This is a bit misleading. AMD told the press this because it sounds better than a more accurate description. Both HT and CMT require similar amounts of additional hardware at the core level to implement in order to allow the core to manage two threads. Both have redundant hardware that is disabled if the core is only running one thread. Both therefore provide two logical cores from one physical set of hardware. The only difference is the use of dedicated vs. shared control schemes. AMD apparently deems this enough to consider a module two cores (since that helps market the product) when it really should be considered one core. Since the term core has never been formally defined and has evolved into a marketing term (introduced for comparison purposes with multicore processors) AMD is free to spin this however they want.
For the record a dedicated control scheme is slightly better in the event that two threads are running on the same core and a shared control scheme is MUCH better if one thread is running on a core.
KillAWatt1705 Wrote:Hyper-threading's main advantage is that it decreases the number of operations in a single pipeline, and allows the OS to schedule executions in this manner as well. If you think about the main principle of parallelization, which is breaking down tasks and executing them individually and simultaneously, this is almost always faster than cramming it down a single queue at a ridiculously faster clock. This is what hyper-threading does, and does well.
Hyperthreading provides two main advantages to heavily multithreaded programs:
1. Higher utilization of resources due to reduced data dependencies
2. In the event of a stall the other thread can continue execution
KillAWatt1705 Wrote:However, because the 4 of the 8 threads in hyper threading are entirely virtual,
None of them are virtual. All of them are logical. And they're not threads, they're cores. You have 4 physical cores and 8 logical cores.

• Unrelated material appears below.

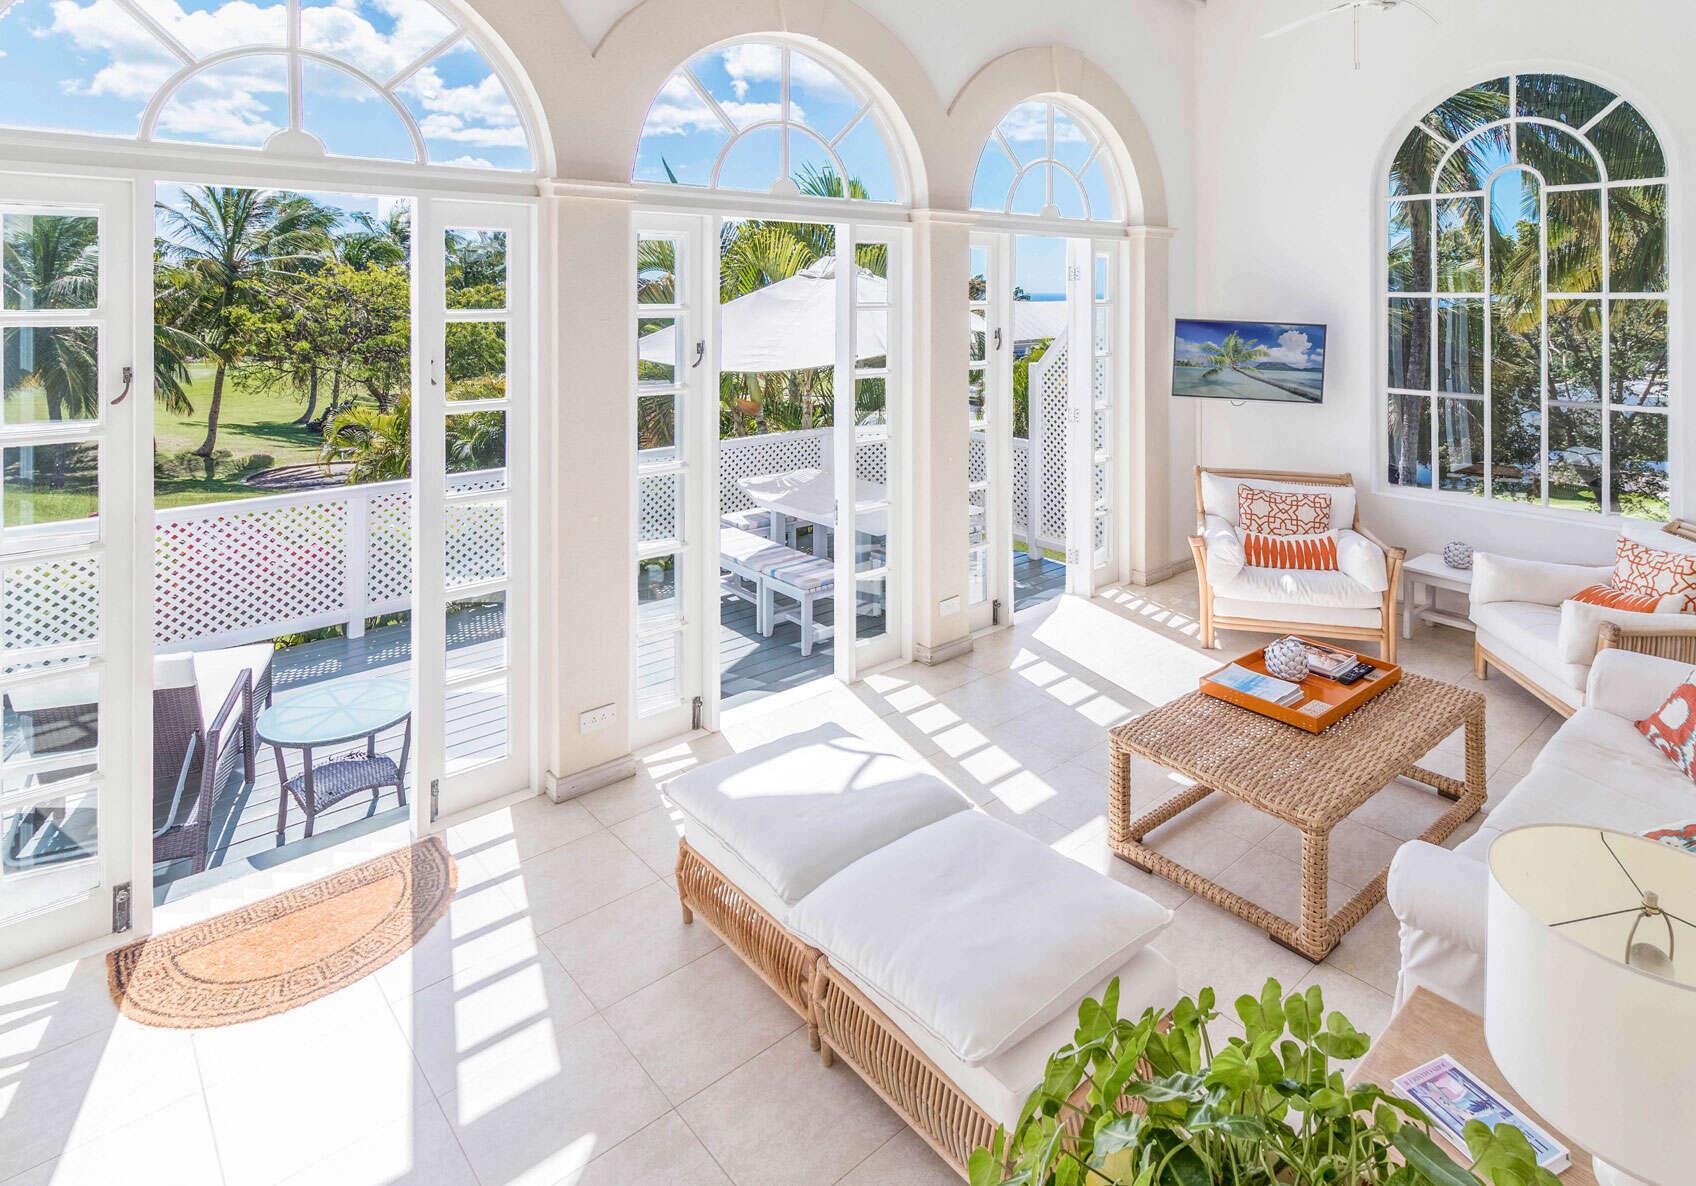 Luxury villa rentals caribbean - Barbados - St james - Royal westmoreland golf resort - Cassia Heights 24 - Image 1/15

KillAWatt1705 Wrote:this means at a low-level a single physical core is still executing two threads at a rate of whatever that physical core is operating at. In addition, however many floating point, integer units and instruction sets that physical core has is shared between the 2 threads per core.
A core can have multiple instruction sets? What?
KillAWatt1705 Wrote:AMD's Piledriver architecture is very different, the CPU has 8 physical cores, and the OS recognizes that as 8 physical threads.
Physical threads? What?
You have 8 physical cores and 8 logical cores.
KillAWatt1705 Wrote:On top of this, for each core you have a dedicated number of instructions sets (FMA, XOP, F16C instructions, etc)
What? That makes no sense. All cores support the same instruction set extensions.
KillAWatt1705 Wrote:and the floating point/integer units for that thread are computed at an unified speed of the physical core itself, unlike a hyper-threaded counterpart.
What? The makes no sense. Please rephrase.
KillAWatt1705 Wrote:In Intel's core all threads must compete for available execution resources.
All threads that are running on the same core, yes.
KillAWatt1705 Wrote:Where Piledriver lacks is single-threaded performance. Hence why for gaming (where most games while only ever utilize 2-4 threads) Intel's i series generally does better.
The story behind why piledriver sucks for running video game engines is a bit deeper than "because it's not heavily multithreaded". But I don't really have time to discuss that in detail right now.
KillAWatt1705 Wrote:But for any application that uses 4 or more threads, and video encoding/editing is a prime example of this, the Piledriver architecture really does shine.
Being heavily multithreaded is not enough to make piledriver shine. The application needs to have a number of traits as well that video encoders happen to have. Such as infrequent and short data dependency chains, integer heavy arithmetic calculations, fairly predictable memory access patterns. Etc.
KillAWatt1705 Wrote:If you were to throw a heavily multi-threaded application at the FX-8350, the FX-8350 will almost always come out on top,
Not necessarily true. It depends on the type of application.
KillAWatt1705 Wrote:the AMD does well in multi-GPU setups, which exponentially relies on paralleling CPU performance,
Oh brother. No it doesn't.
KillAWatt1705 Wrote:which divides better over 8 physical threads than 4 virtua and 4 phsyical ones: see here (you can find more of these on the overclock.net, where people are able to run 16 instances of minecraft without a hitch, etc).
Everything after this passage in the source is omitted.